Only the lines from the start of the entries through the line with "Дракон Бакуган с" are wanted; please output them exactly.

*-*-*

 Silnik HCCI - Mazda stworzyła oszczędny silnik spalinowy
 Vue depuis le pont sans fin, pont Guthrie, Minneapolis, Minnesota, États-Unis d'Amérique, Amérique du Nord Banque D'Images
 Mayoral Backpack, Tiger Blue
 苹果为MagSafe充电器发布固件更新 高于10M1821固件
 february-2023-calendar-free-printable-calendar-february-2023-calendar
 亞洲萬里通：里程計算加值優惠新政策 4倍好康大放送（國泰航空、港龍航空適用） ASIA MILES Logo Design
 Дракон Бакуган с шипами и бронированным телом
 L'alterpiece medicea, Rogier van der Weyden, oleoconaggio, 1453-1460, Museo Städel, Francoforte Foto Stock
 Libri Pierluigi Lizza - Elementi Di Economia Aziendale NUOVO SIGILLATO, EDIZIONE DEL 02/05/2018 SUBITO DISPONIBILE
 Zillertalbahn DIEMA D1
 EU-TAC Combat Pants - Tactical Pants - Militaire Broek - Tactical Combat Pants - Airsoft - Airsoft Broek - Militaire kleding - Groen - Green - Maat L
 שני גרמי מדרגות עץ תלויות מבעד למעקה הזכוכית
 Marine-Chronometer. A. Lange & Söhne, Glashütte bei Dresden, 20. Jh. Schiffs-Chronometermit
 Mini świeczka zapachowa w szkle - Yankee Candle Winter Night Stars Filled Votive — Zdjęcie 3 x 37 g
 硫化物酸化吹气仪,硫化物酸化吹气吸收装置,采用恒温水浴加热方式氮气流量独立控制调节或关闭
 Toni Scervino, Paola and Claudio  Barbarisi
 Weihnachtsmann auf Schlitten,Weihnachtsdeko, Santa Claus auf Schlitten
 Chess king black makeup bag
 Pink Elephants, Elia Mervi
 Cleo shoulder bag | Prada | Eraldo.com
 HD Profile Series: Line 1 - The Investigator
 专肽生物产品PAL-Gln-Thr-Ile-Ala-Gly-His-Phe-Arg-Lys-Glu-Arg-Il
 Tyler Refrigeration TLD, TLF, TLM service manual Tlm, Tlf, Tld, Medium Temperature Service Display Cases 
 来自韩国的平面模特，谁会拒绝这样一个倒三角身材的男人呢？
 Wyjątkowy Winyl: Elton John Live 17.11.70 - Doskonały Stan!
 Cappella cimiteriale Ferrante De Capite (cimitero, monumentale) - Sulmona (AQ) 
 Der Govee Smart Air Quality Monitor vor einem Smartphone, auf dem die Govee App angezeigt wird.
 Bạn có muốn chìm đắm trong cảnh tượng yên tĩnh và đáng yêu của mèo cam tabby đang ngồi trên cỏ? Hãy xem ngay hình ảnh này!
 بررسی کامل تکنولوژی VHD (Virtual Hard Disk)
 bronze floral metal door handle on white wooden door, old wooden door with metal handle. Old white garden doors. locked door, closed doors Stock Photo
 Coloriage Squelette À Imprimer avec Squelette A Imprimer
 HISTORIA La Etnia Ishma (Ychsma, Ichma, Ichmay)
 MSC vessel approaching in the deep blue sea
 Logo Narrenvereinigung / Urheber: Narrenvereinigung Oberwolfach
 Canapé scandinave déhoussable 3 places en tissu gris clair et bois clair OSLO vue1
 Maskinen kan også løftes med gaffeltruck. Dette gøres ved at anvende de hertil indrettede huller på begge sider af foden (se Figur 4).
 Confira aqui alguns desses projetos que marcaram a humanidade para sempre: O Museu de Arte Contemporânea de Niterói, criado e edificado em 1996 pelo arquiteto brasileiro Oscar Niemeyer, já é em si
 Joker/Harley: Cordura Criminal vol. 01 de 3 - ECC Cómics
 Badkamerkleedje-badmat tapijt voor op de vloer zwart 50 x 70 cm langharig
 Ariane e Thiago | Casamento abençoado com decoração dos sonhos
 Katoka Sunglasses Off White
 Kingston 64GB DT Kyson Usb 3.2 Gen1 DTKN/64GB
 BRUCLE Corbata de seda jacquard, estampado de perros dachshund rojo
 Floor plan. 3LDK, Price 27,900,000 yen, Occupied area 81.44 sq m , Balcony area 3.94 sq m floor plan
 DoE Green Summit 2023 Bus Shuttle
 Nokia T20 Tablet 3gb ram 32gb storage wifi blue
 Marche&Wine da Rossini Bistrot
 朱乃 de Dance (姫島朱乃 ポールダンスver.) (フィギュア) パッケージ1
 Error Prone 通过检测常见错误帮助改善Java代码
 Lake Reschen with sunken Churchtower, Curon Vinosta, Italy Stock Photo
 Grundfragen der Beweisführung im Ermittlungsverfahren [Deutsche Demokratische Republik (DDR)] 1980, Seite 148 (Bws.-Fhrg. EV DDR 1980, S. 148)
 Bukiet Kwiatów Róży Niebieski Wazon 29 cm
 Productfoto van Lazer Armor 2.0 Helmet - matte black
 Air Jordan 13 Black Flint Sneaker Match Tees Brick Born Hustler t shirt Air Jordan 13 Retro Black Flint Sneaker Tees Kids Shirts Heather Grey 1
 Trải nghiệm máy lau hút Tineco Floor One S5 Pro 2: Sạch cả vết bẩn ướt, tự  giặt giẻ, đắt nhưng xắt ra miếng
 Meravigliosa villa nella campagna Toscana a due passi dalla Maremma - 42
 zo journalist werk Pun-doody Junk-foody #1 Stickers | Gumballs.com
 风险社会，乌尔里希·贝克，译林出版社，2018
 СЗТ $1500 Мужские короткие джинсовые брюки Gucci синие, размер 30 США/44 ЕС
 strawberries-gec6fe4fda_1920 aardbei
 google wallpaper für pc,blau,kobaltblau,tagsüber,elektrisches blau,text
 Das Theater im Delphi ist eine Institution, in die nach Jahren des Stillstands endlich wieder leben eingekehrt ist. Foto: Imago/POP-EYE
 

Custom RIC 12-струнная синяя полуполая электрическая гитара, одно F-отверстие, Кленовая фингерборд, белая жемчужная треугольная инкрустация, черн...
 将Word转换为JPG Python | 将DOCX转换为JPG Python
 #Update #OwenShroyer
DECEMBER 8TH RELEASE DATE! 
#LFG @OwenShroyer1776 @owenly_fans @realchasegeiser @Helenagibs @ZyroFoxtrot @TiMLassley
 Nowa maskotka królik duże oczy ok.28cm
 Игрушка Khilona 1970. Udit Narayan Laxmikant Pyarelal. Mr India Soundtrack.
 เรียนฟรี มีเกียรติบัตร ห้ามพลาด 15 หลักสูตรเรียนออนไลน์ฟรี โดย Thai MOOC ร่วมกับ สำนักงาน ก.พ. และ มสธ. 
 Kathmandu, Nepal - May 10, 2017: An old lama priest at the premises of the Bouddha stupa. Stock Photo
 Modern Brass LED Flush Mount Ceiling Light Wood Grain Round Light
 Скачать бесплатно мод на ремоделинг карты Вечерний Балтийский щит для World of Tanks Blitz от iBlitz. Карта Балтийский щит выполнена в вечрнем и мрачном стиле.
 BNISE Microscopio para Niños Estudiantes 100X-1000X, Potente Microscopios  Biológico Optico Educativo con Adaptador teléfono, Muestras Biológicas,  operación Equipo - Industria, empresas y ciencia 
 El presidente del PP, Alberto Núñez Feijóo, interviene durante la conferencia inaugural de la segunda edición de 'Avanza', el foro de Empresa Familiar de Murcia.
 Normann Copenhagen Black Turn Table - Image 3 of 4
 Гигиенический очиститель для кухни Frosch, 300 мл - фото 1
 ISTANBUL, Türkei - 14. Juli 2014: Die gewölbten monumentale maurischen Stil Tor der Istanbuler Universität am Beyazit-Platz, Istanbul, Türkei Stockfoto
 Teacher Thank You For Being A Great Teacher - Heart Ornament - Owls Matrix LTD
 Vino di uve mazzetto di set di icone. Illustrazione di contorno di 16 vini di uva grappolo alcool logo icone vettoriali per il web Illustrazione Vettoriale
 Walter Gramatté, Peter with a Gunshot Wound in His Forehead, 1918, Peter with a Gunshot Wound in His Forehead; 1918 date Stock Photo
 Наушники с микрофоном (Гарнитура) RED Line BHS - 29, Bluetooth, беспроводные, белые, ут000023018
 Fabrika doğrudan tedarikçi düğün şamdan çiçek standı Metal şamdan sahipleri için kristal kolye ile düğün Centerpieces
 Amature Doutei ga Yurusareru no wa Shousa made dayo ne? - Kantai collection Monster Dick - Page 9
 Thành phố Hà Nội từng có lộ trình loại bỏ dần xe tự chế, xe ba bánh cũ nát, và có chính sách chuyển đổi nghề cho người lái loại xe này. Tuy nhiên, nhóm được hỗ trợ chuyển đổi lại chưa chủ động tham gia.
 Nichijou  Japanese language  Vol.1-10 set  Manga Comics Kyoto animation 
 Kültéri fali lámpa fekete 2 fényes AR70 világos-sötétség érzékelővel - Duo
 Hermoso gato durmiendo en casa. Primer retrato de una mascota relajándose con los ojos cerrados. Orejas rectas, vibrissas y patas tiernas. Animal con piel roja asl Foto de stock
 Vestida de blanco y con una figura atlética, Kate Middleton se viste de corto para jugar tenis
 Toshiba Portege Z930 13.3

*-*-*

- [Result of this exercise]:
 Silnik HCCI - Mazda stworzyła oszczędny silnik spalinowy
 Vue depuis le pont sans fin, pont Guthrie, Minneapolis, Minnesota, États-Unis d'Amérique, Amérique du Nord Banque D'Images
 Mayoral Backpack, Tiger Blue
 苹果为MagSafe充电器发布固件更新 高于10M1821固件
 february-2023-calendar-free-printable-calendar-february-2023-calendar
 亞洲萬里通：里程計算加值優惠新政策 4倍好康大放送（國泰航空、港龍航空適用） ASIA MILES Logo Design
 Дракон Бакуган с шипами и бронированным телом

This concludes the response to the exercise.